Spider density will affect the management of pest populations, and increasing the number of spider predators will aid in insect pest control. There are many examples of using pheromones to attract and retain natural enemies. Simpson et al. used methyl salicylate as an attractant for crops and found that parasitic wasps remain longer in these attractant crops [68]. Jaworski et al. also proved that placing methyl salicylate attractants in orchards increased the effect of predators in controlling pests compared to untreated orchards [69]. Our field experiments showed that the spider trapping rate, using methyl salicylate and linalool as attractants, was greater than that of the control treatment. Zhu and Park also found that traps baited with methyl salicylate were highly attractive to adult C. septempunctata in field tests [46]. These results show that natural enemies might use methyl salicylate as an olfactory signal to locate prey.
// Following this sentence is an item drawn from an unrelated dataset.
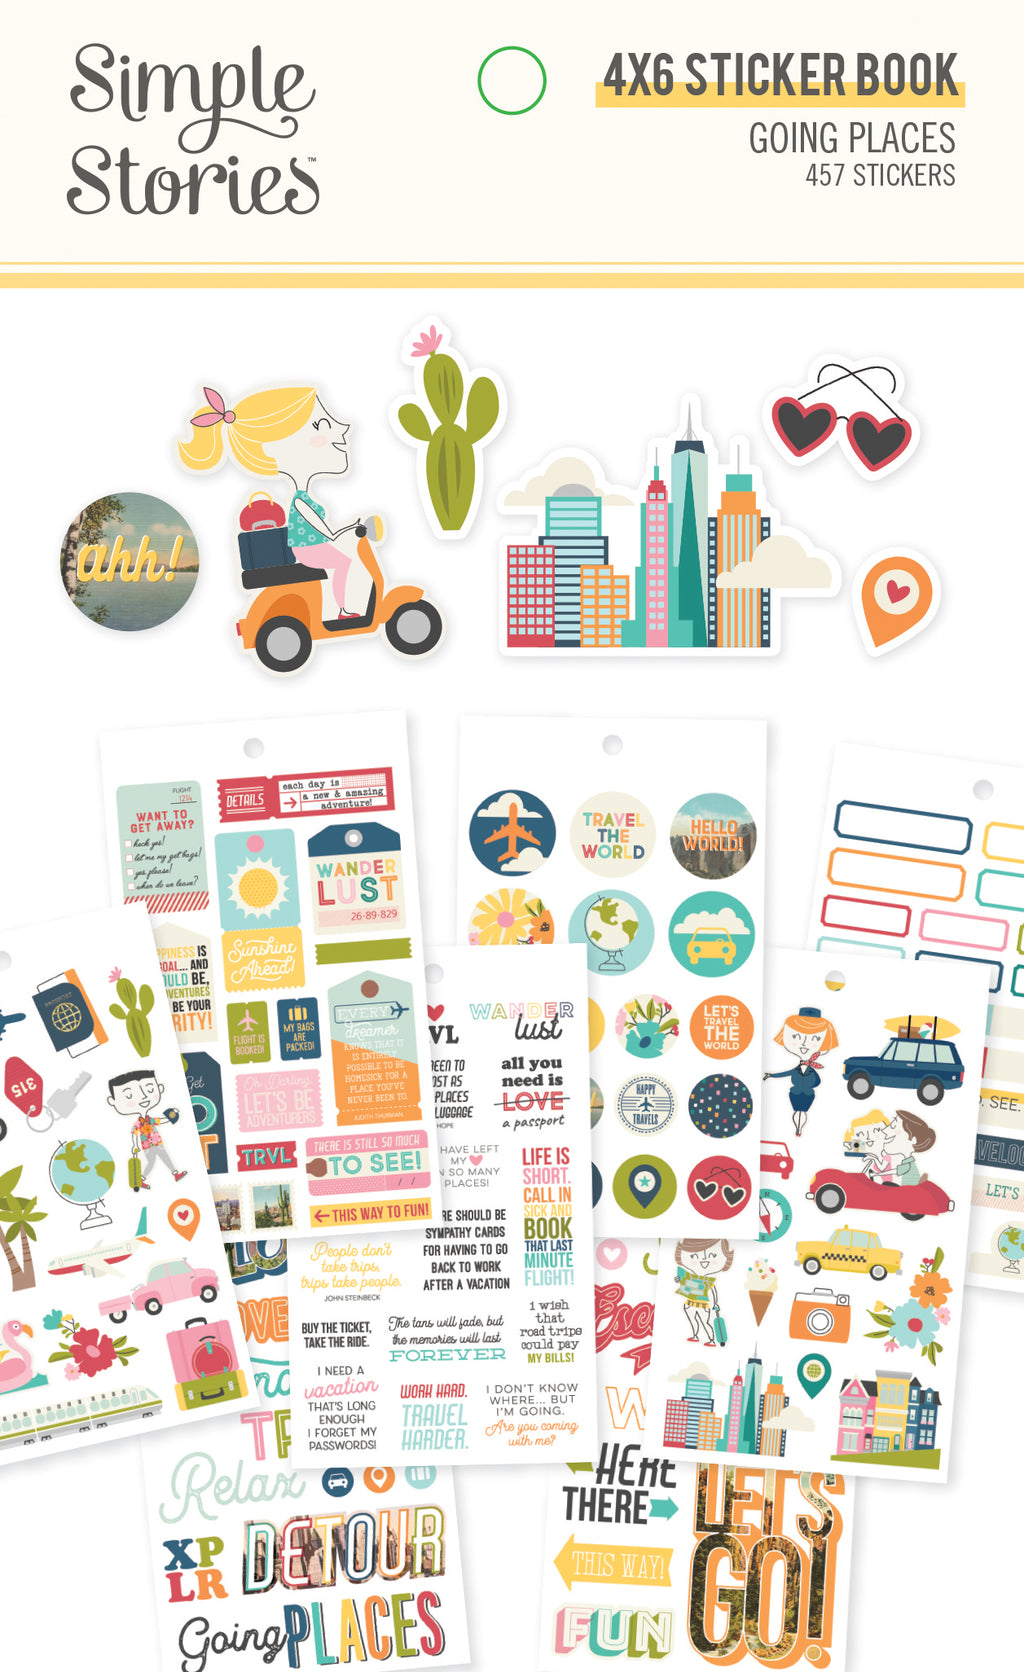 Going Places 4x6 Sticker Book

The trapped P. pseudoannulata dominated, which showed that HIPVs not only attracts P. pseudoannulata in the laboratory but also attracts P. pseudoannulata in the field. The P. subpiraticus was trapped in smaller numbers, which may be because P. subpiraticus mainly wanders on the water surface and the base of rice plants bordering the water surface, while the traps used for this experiment were placed above the water surface. The other spiders trapped were mainly Salticidae and Clubionidae spiders, which are good at jumping, and they may have accidentally fallen into the trap. According to a preliminary field study, P. subpiraticus and P. pseudoannulata were the dominant species at the experimental site [70], but the number of trapped spiders was lower than expected. There are many uncontrollable factors that affect spider numbers, such as temperature, humidity, wind, the size and location of the trap, and the concentration of attractants.
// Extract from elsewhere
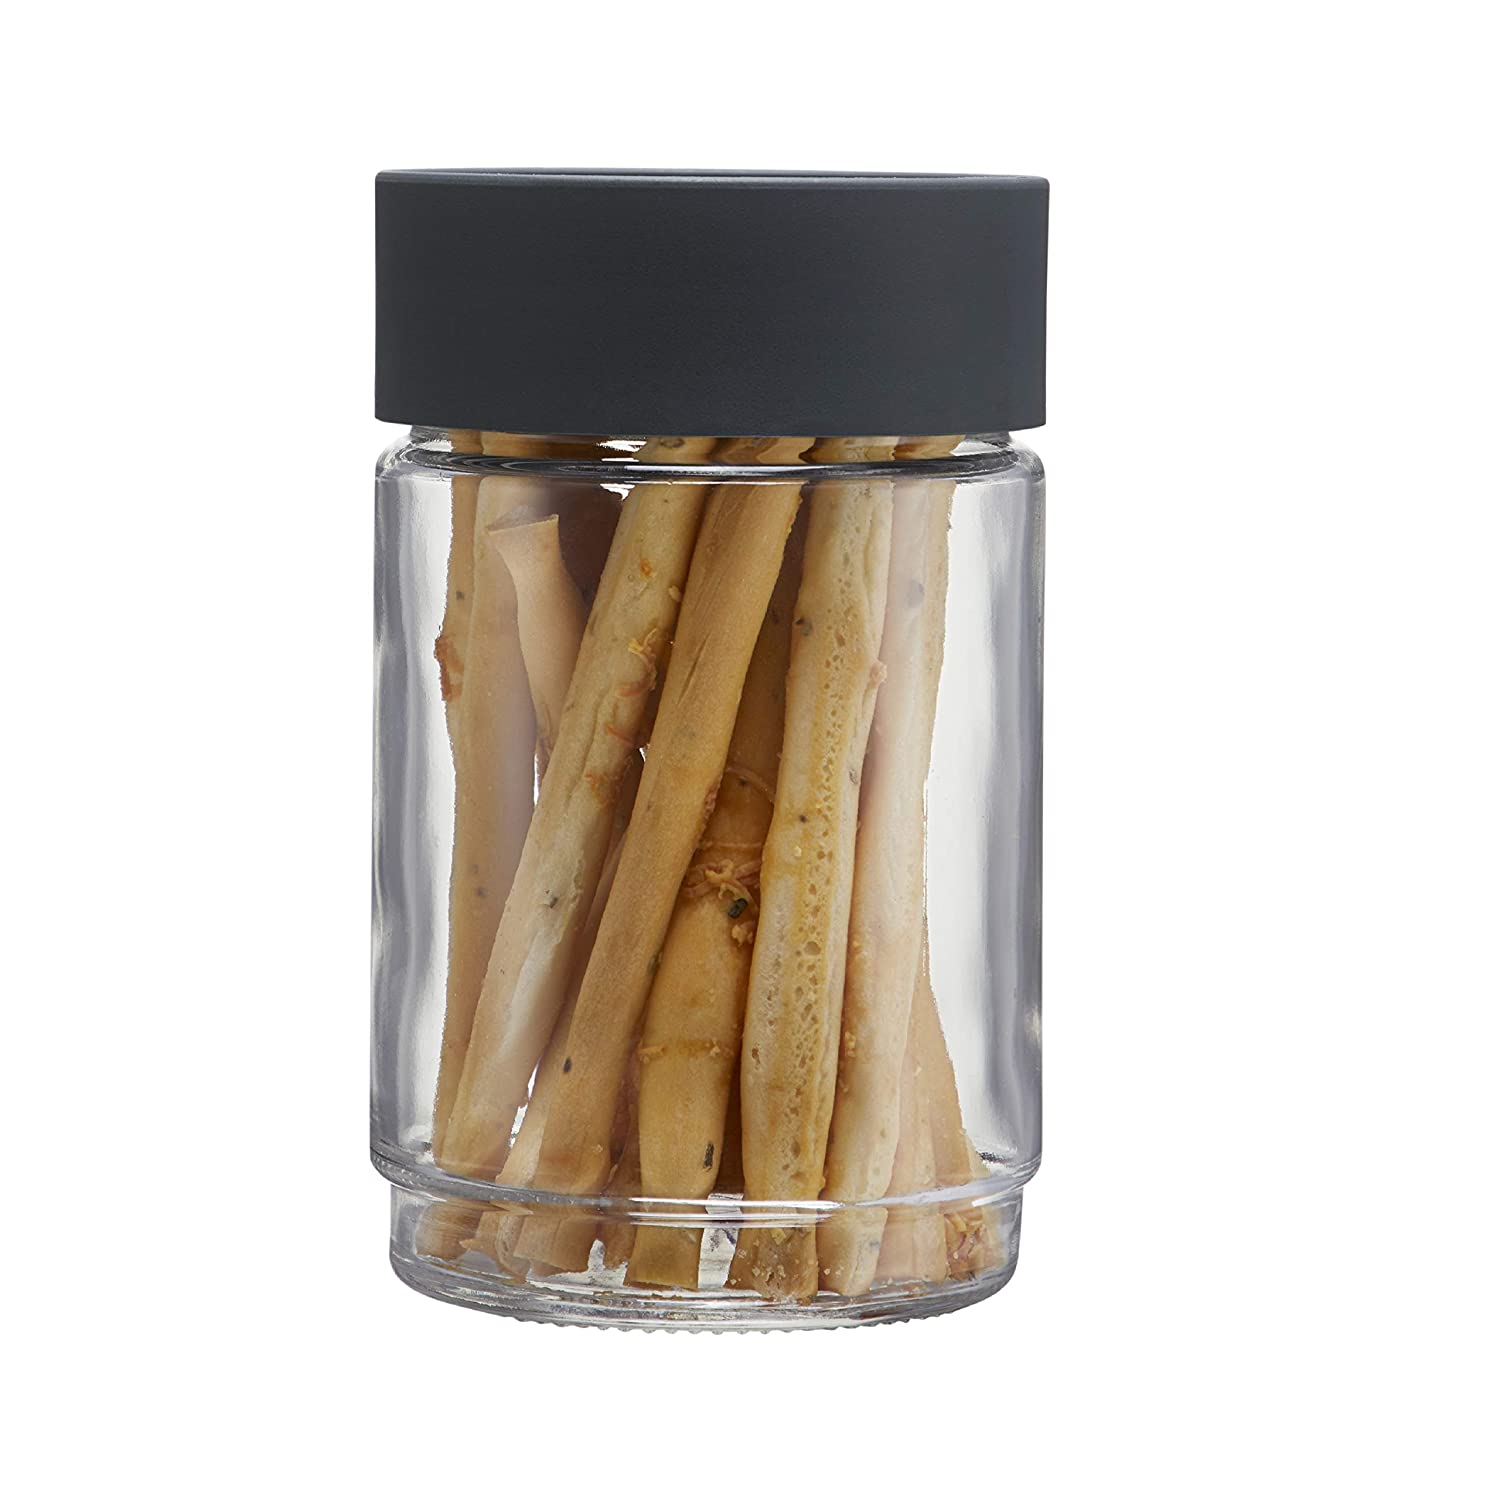 Cello Modustack Glassy Storage Jar, Stackable, Clear, 750ml

In conclusion, our results indicate that HIRVs can attract spiders and increase predation. Two dominant species of rice spiders (P. pseudoannulata and P. subpiraticus) were attracted by one or two concentrations of methyl salicylate, linalool, or 2-heptanone. A predatory ability experiment showed that linalool and methyl salicylate shortened predation latency. Linalool increased the daily predation capacity of the spiders. A field experiment verified that methyl salicylate and linalool are attractive to spiders. In future research, we will determine the reasons why HIRVs enhance the predation ability of spiders and develop practical methods for using HIRVs to attract and retain spiders in rice fields.